Regardless, if you believe in the benefits of your design, you should implement it for your favorite architecture and see how it works out and do a presentation at a future convention (eurobsdcon, bsdcan, asiabsdcon, or wherever)
Comments
By jbc (111.232.100.160) on
> I did try to address that point ("why not just do the linking in the kernel?") in my talk after a question from Shawn Webb. In short, putting it in the kernel increases the attack surface of the kernel while still being dependent on data in user space. Moving that library data into kernel space would be...challenging; kernel VA is a limited resource on many architectures.
>
Sorry, I'll watch the talk when/if it is ever made available to be able to criticize with more arguments.
Then why is execve(2) in the kernel? With the current level of randomization it should be about the same expense. Or is my understanding wrong and vax doesn't get the same treatment as amd64?

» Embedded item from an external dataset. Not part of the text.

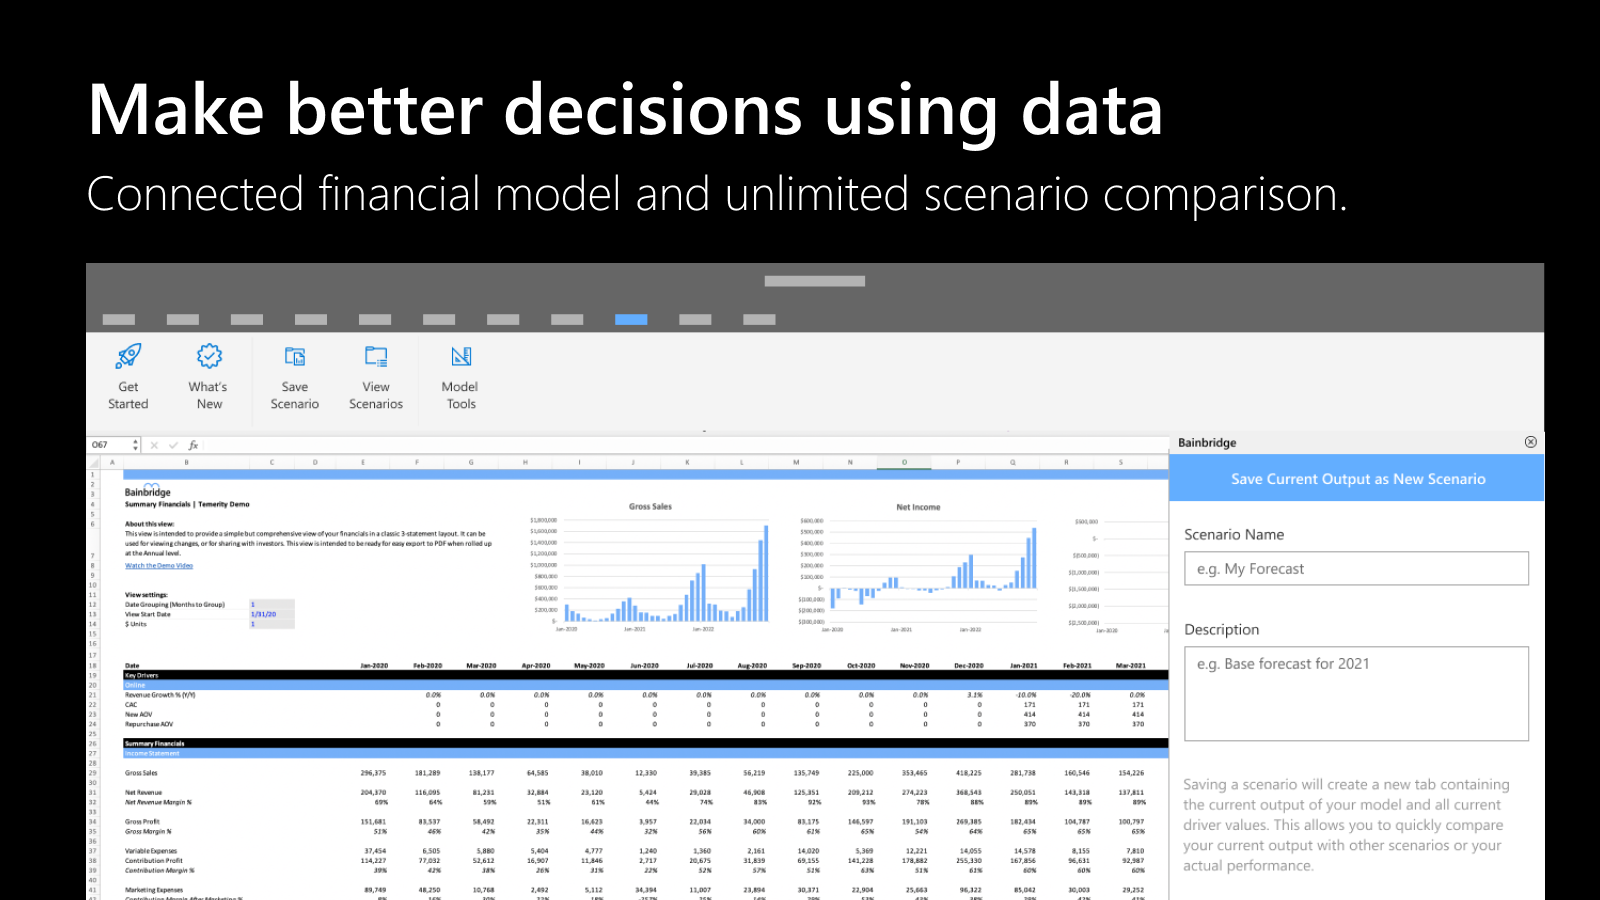 Make better decisions using data

> I don't think I really understand what you're envisioning as a design. Why would segfaulting be involved?
>
> Regardless, if you believe in the benefits of your design, you should implement it for your favorite architecture and see how it works out and do a presentation at a future convention (eurobsdcon, bsdcan, asiabsdcon, or wherever)
>
Segfault - or whatever way to enter the kernel and resolve stuff in a way that can't be directly affected by user data *after* initial execution and is portable to anything OpenBSD works on regardless of performance. I haven't tried working a solution by myself. If I had - and it was better than yours, I would tell you. I just said, and I stand by it, that I do not like lazy binding as described.

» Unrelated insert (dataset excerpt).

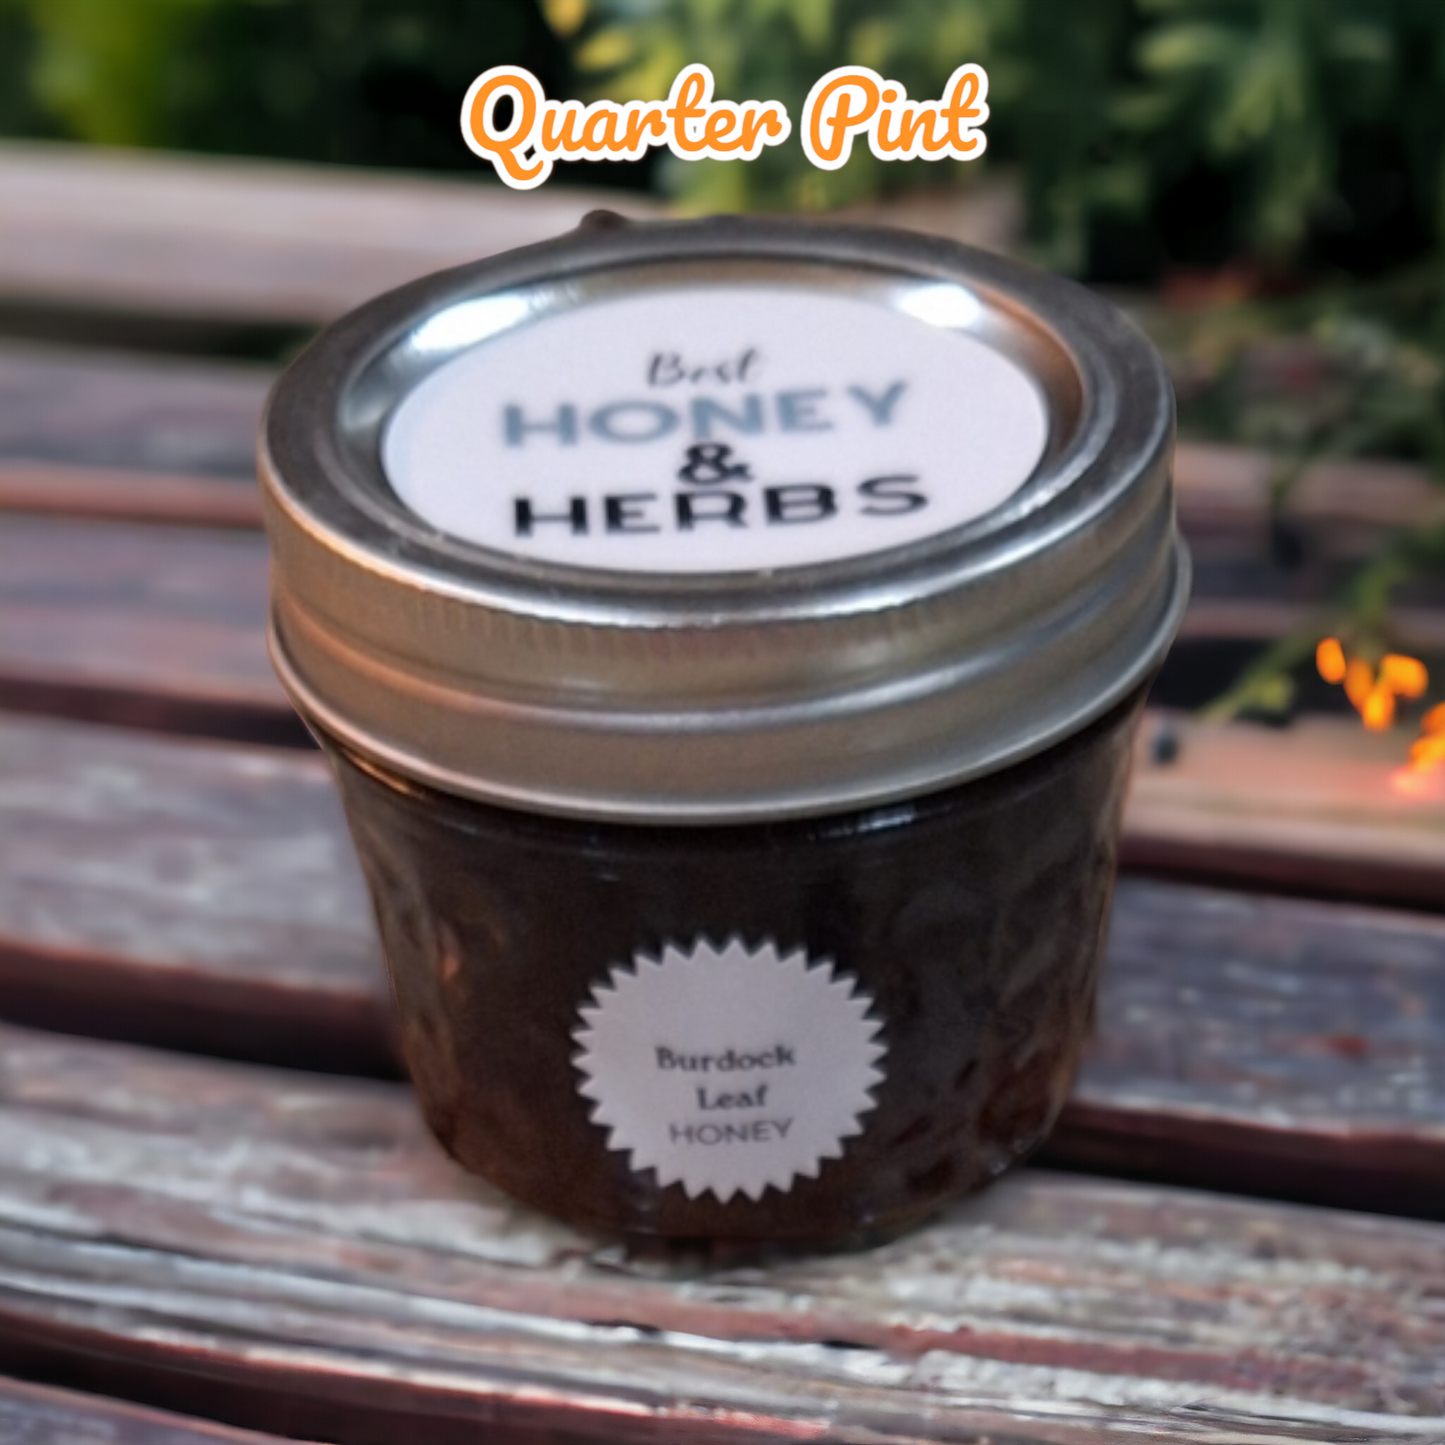 Burdock Leaf Infused Honey

I truly don't want to offend you or anyone else, but "we'll add a few more flags and a super-secret cookie to mmap(2)", just doesn't have the same ring to it as "we'll use this algorithm for cache which works all the same just that it's better in most cases".
When I see/hear the full talk, I might be convinced otherwise, but now, to me, it smells(like my undeadly karma if such a thing exists :)).
Comments
By Philip Guenther (208.86.202.10) guenther@openbsd.org on
> Then why is execve(2) in the kernel?
Because it does stuff that can't be done from user space.
...
> Segfault - or whatever way to enter the kernel and resolve stuff in a way that can't be directly affected by user data *after* initial execution and is portable to anything OpenBSD works on regardless of performance. <...>
I don't see how that's going to have enough information to do what needs to be done.
Comments
By Anonymous Coward (182.250.240.99) on
> ...
... in OpenBSD. Other than the actual CPU context switch and maybe some device access nothing needs kernel mode. It's just convenient - and more secure than a microkernel service in libc.
> I don't see how that's going to have enough information to do what needs to be done.
I don't see how an Operating System could read encrypted pages from swap storage on a page fault.
Comments
By Philip Guenther (208.86.202.10) guenther@openbsd.org on
> > ...
> ... in OpenBSD.
You have a way to implement the setuid and setgid bits in user space?
> Other than the actual CPU context switch and maybe some device access nothing needs kernel mode. It's just convenient - and more secure than a microkernel service in libc.
"It's all about convenience, except for that part where it's needed", is the same as saying "it's needed".
Anyway, I look forward to your presentation and/or diff.